• DIRECTIONS: Exclude images, then output the remaining data verbatim.

• DATASET SECTION:
┄┄┄┄┄┄┄┄┄┄┄┄┄┄┄┄┄┄┄┄

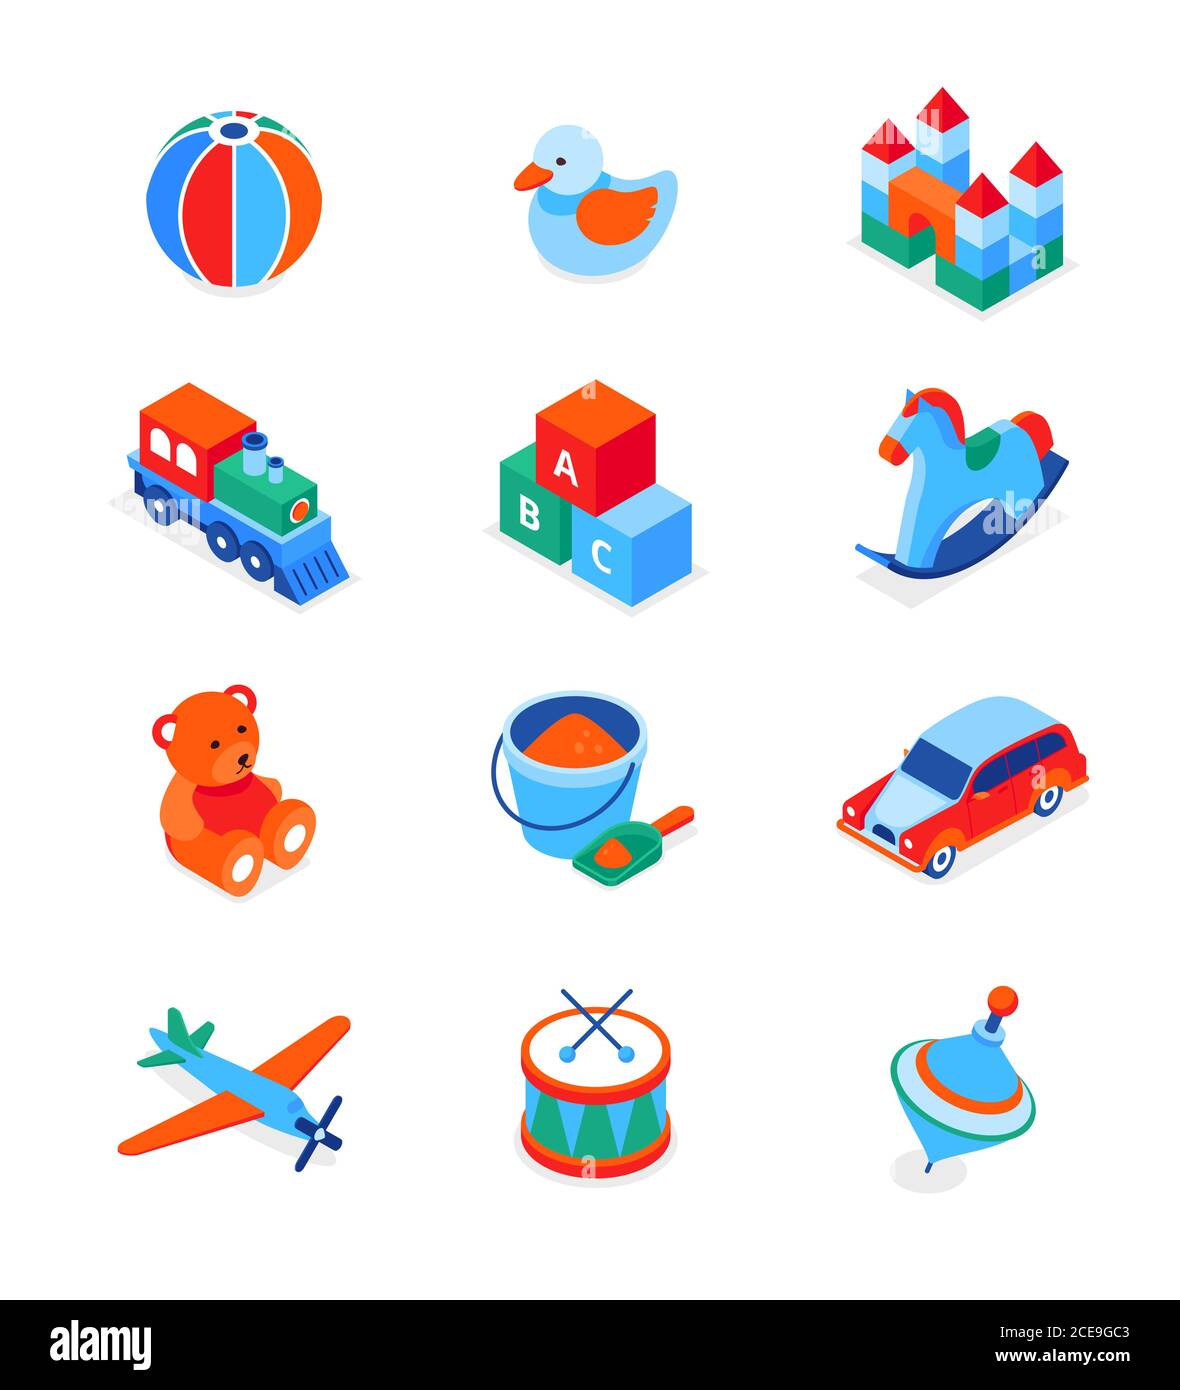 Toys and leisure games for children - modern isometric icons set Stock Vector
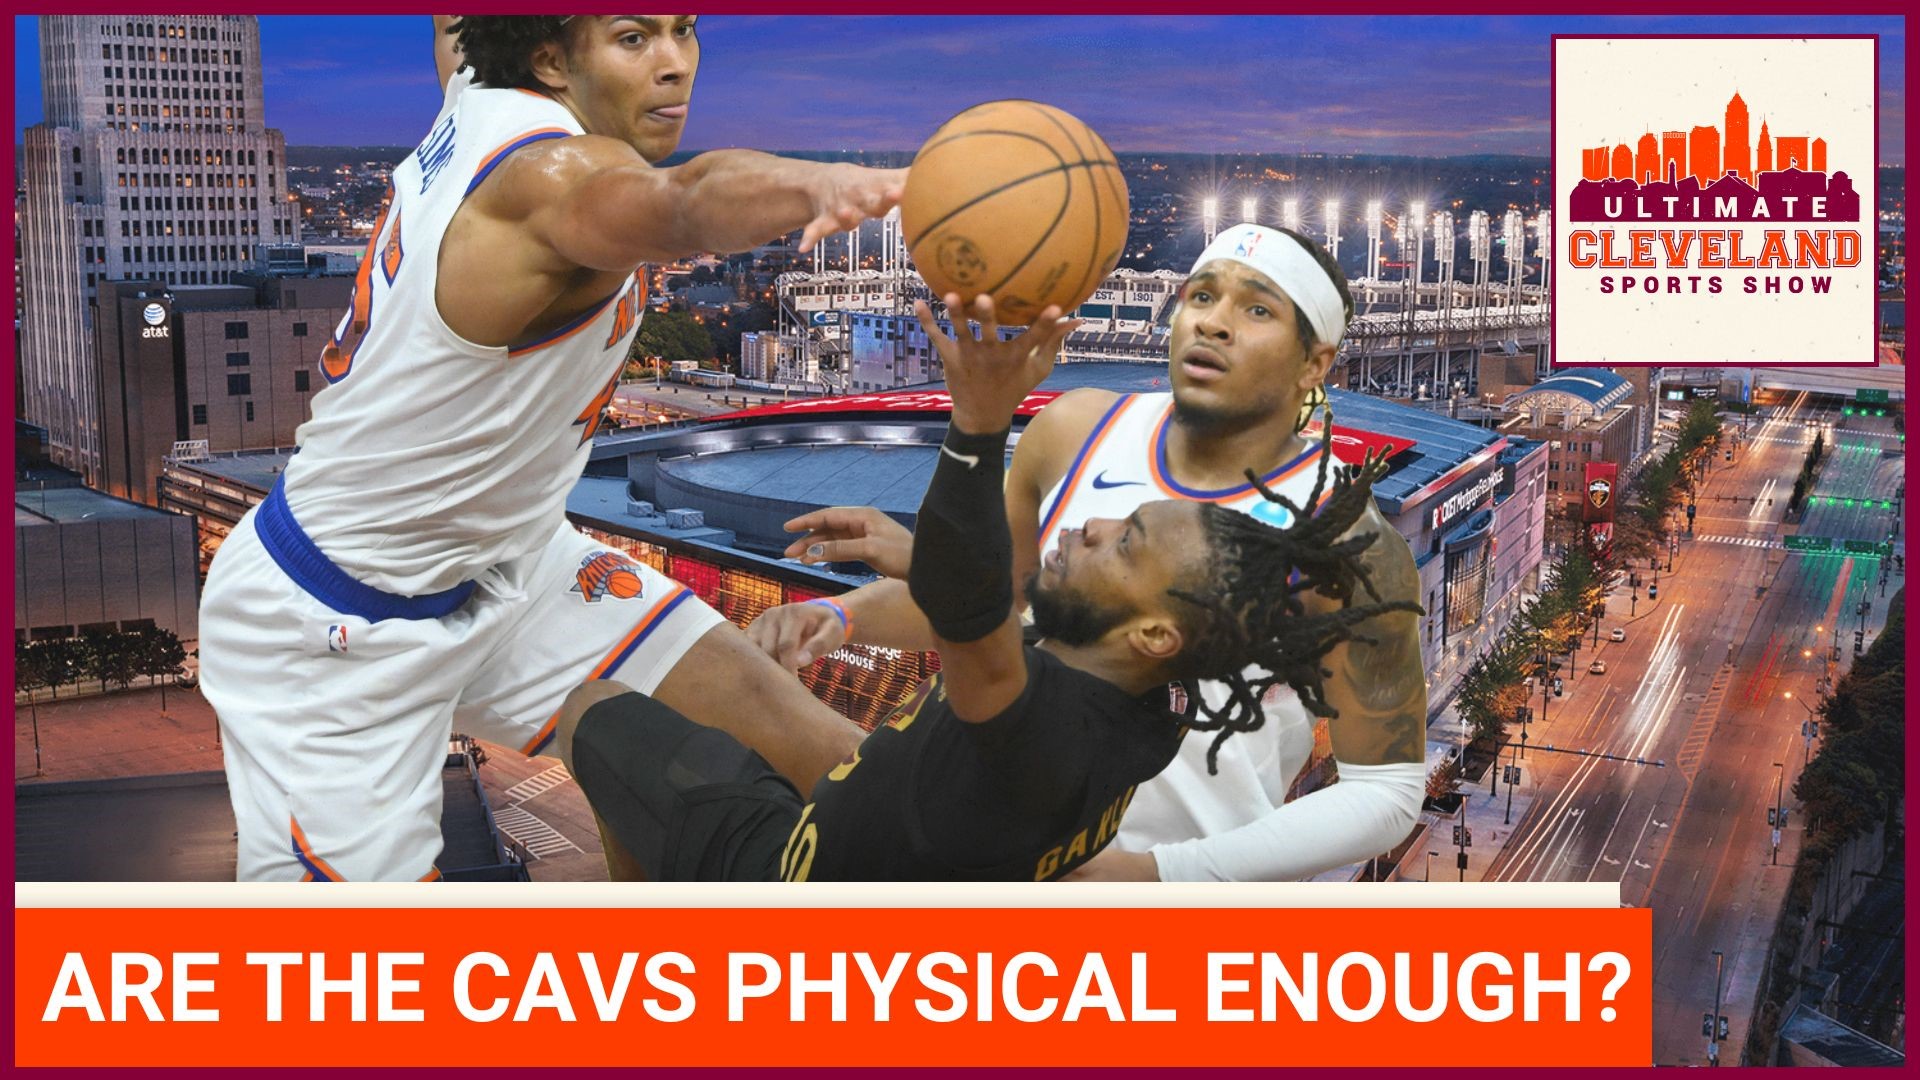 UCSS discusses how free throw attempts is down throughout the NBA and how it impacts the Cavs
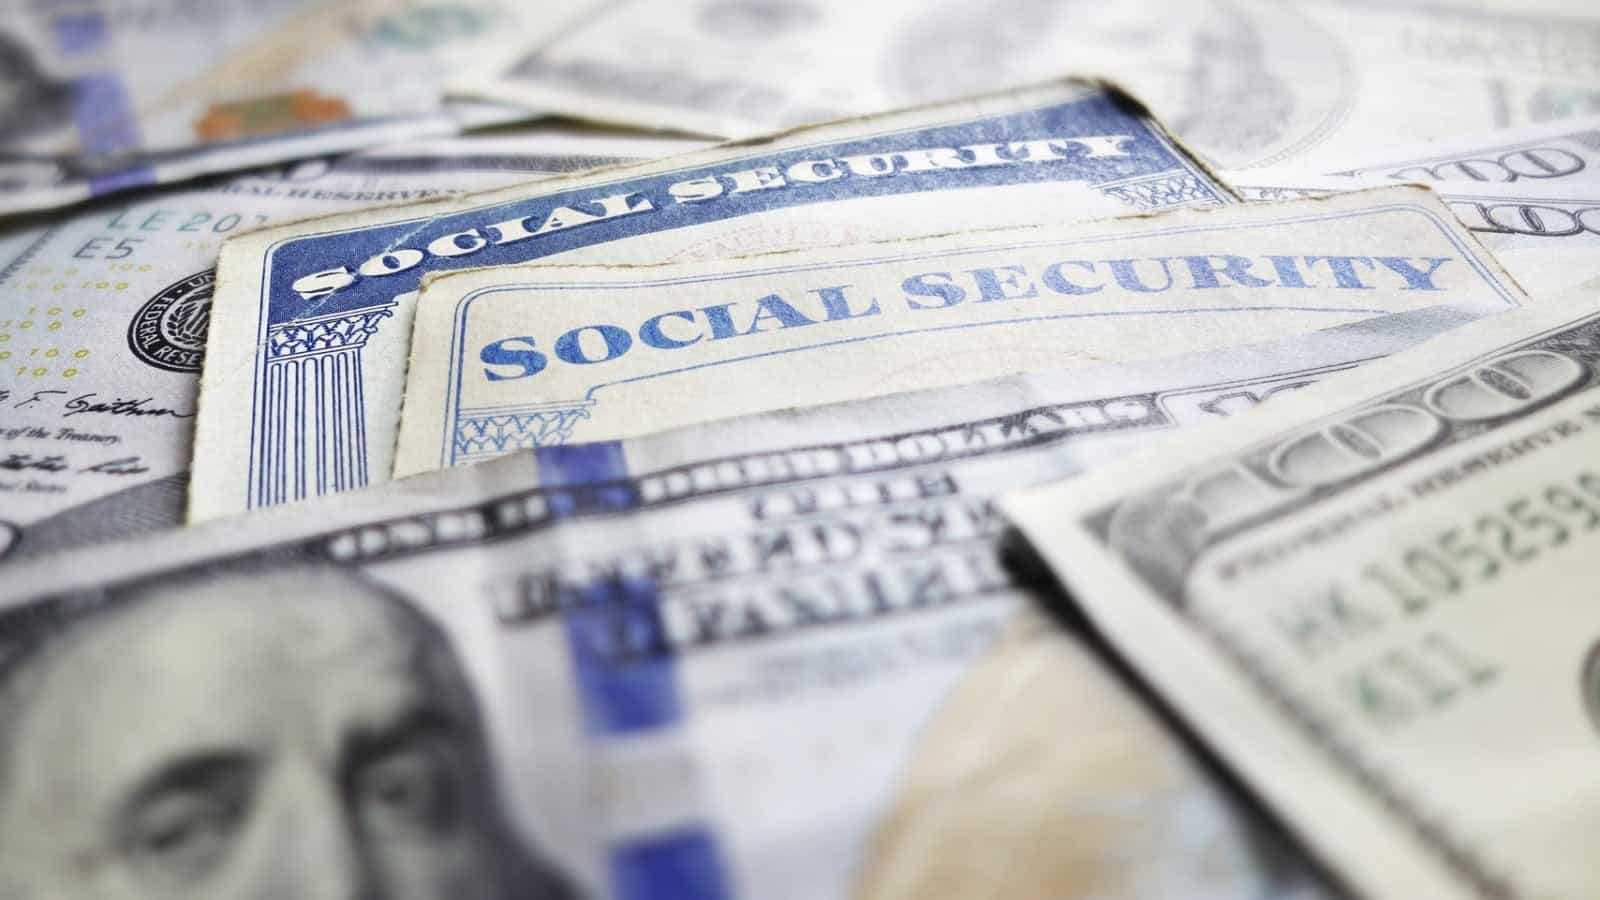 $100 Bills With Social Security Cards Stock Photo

┄┄┄┄┄┄┄┄┄┄┄┄┄┄┄┄┄┄┄┄

• EXERCISE RESULT:
 Toys and leisure games for children - modern isometric icons set Stock Vector
 UCSS discusses how free throw attempts is down throughout the NBA and how it impacts the Cavs
 $100 Bills With Social Security Cards Stock Photo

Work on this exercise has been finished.